- EXERCISE DETAILS
Drop the images; return everything else in the listing below exactly.

[Opening SOURCE DATA section]

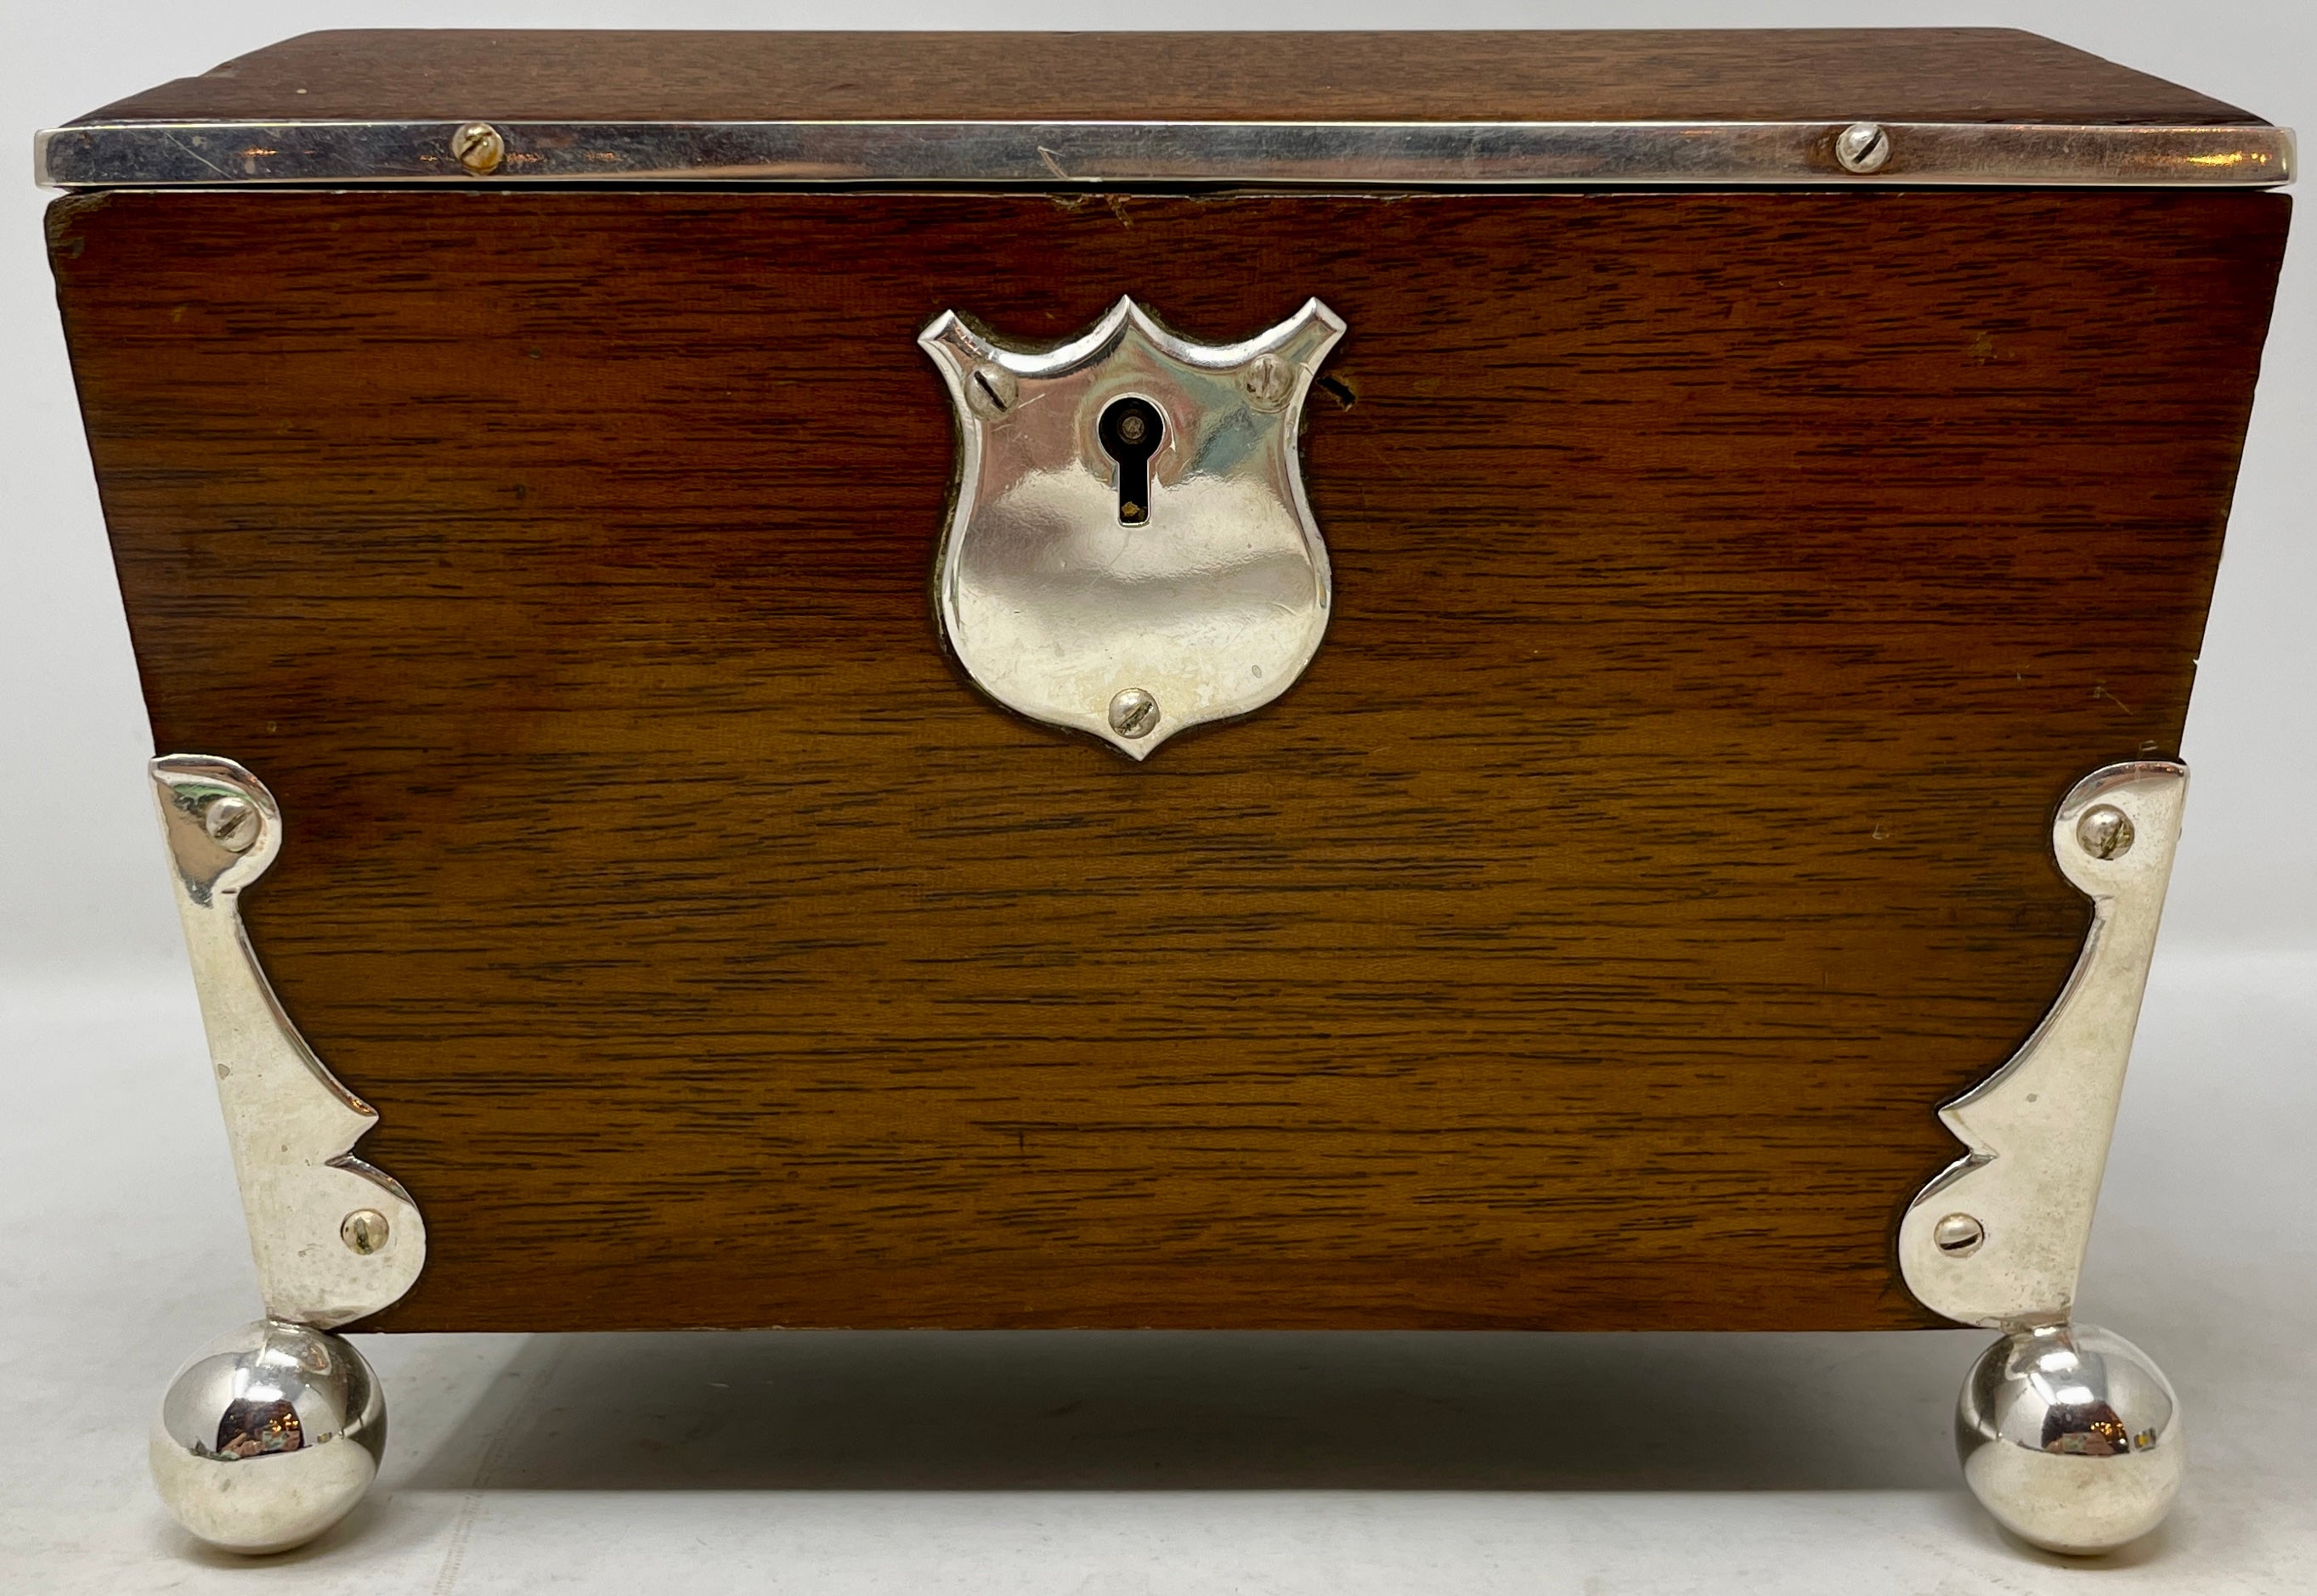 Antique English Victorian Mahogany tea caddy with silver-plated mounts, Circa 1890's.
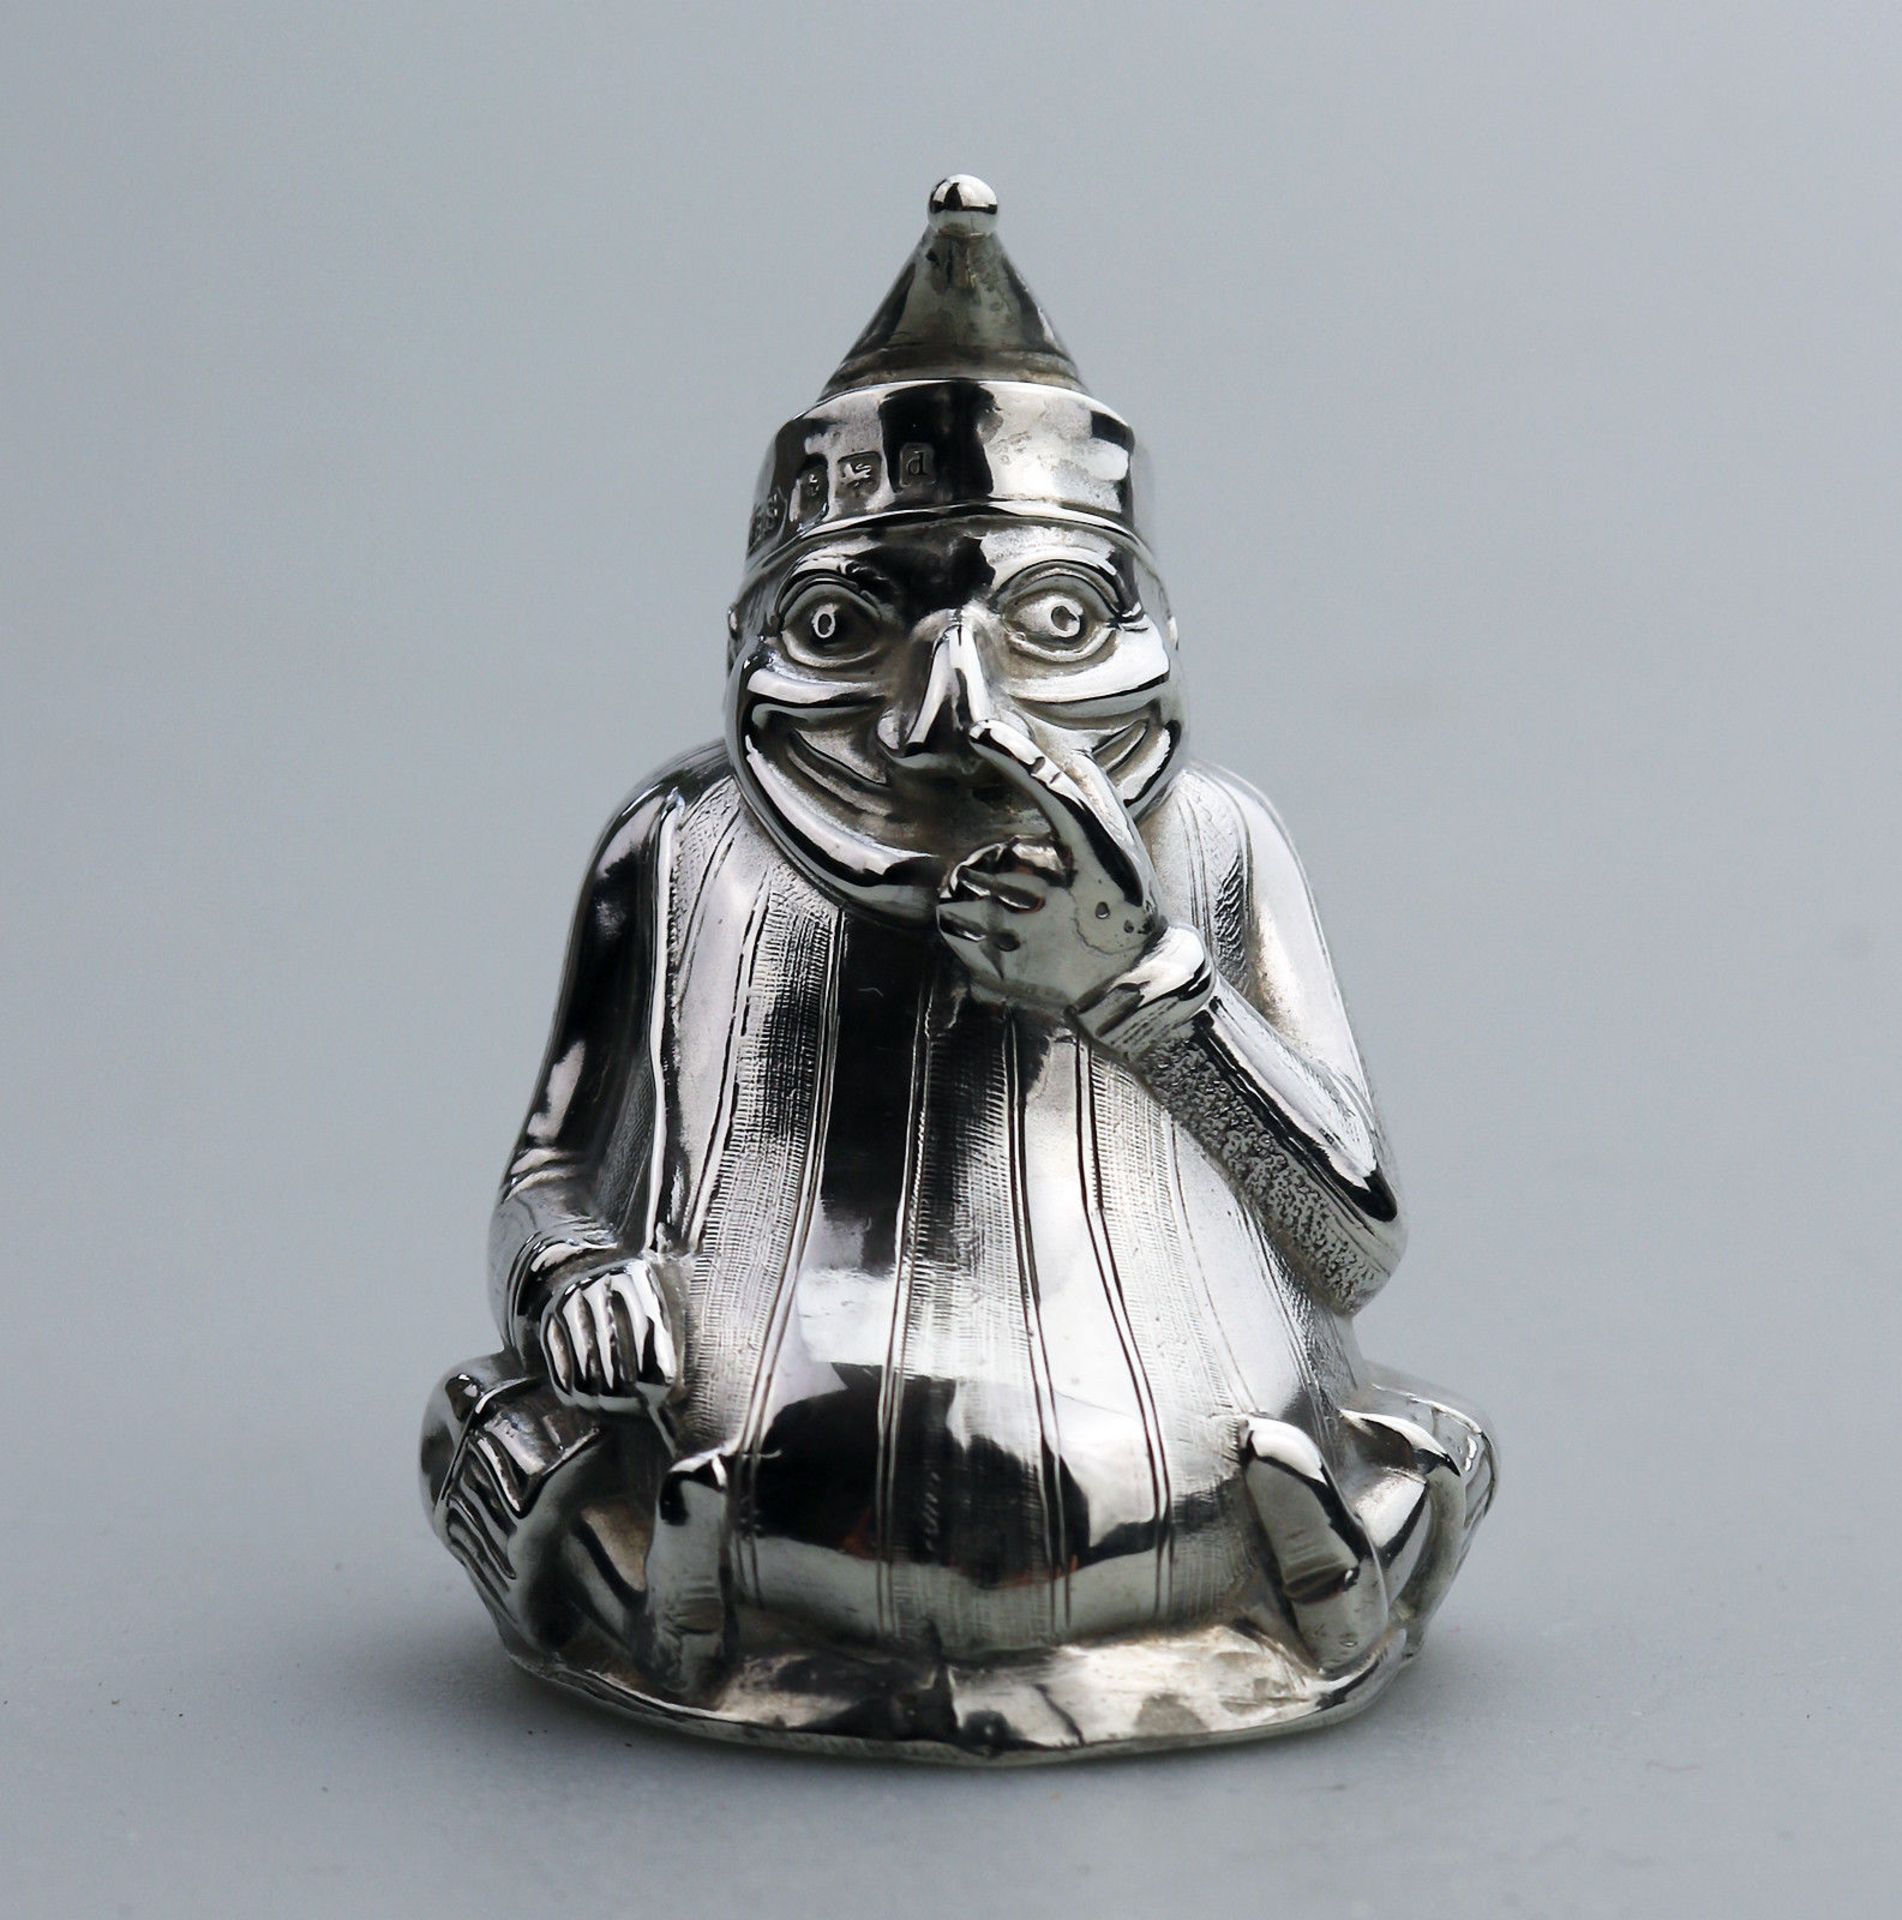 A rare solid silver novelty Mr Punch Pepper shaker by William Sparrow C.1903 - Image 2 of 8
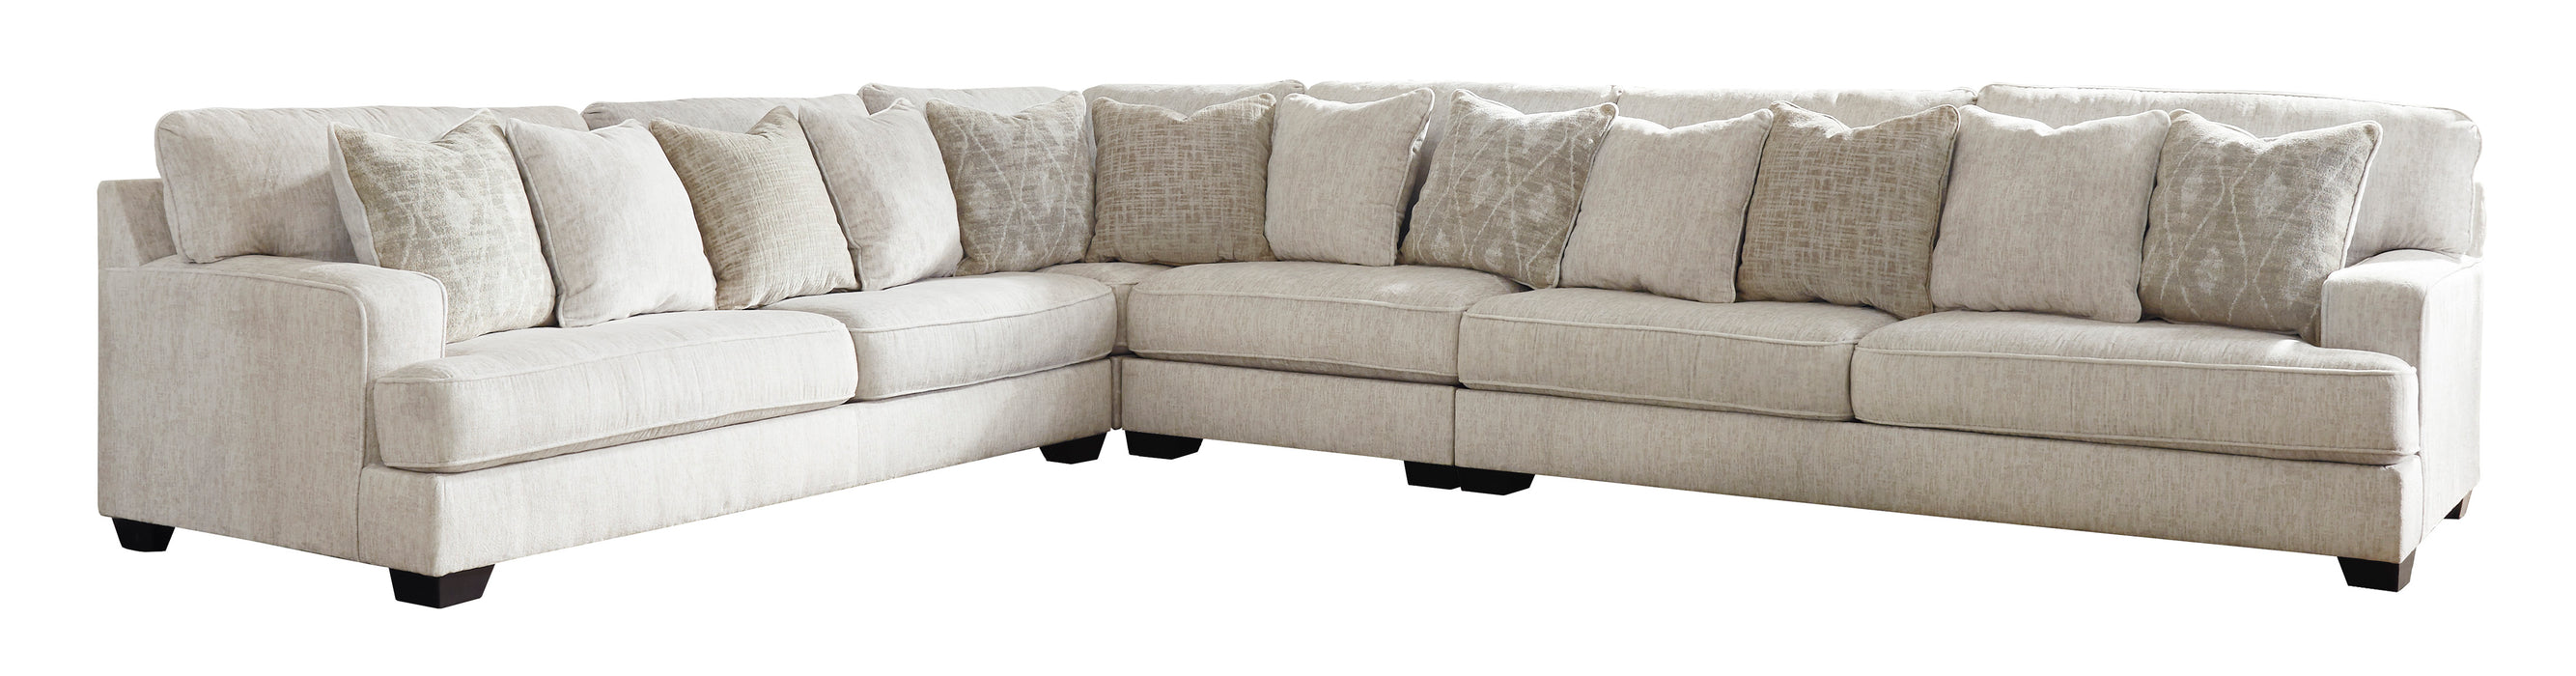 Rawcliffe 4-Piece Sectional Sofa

[Closing SOURCE DATA section]

- ANSWER TO THE EXERCISE
 Antique English Victorian Mahogany tea caddy with silver-plated mounts, Circa 1890's.
 A rare solid silver novelty Mr Punch Pepper shaker by William Sparrow C.1903 - Image 2 of 8
 Rawcliffe 4-Piece Sectional Sofa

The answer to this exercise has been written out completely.